Class of passenger train service in South Korea

The Intercity Train eXpress-Maum (ITX-Maum; ) is a semi-high-speed train of Korail, South Korea's national railway operator. It was introduced to replace Mugunghwa-ho and has the same class as ITX-Saemaeul. It began operation on the Gyeongbu Line, Honam Line, Jeolla Line, Jungang Line, Donghae Line, Yeongdong Line, Taebaek Line, and Daegu Line in September 2023. The Korail Class 220000 rolling stock used on the ITX-Maum was manufactured by Dawonsys.

== History ==
A public contest for train names was held in 2022, and a total of 8,175 candidates were submitted. In August 2023, the train name was decided as ITX-Maum. Minister of Land, Infrastructure and Transport Won Hee-ryong explained, "We named it ITX-Maum with the hope that starting with this Taebaek Line, it will connect the Korean Peninsula and beyond Eurasia."
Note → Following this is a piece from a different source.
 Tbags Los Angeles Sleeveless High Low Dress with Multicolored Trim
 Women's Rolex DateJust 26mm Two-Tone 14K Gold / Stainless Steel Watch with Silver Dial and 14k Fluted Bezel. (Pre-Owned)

In September 2023, the Gyeongbu Line, Honam Line, Jeolla Line, and Taebaek Line began operation. In December 2024, the operation of the Jungang Line Cheongnyangni-Bujeon section (433 km) began.

== Rolling stock ==
The rolling stock is a multiple unit Korail Class 220000 manufactured by Dawonsys. The exterior is designed with a smooth streamlined shape that takes wind resistance into account, and the color combination is red and black.

Interior amenities include in-car wireless internet, power outlets and USB ports for each seat, reading lights, and reclining seats. The door step can be adjusted according to the platform height.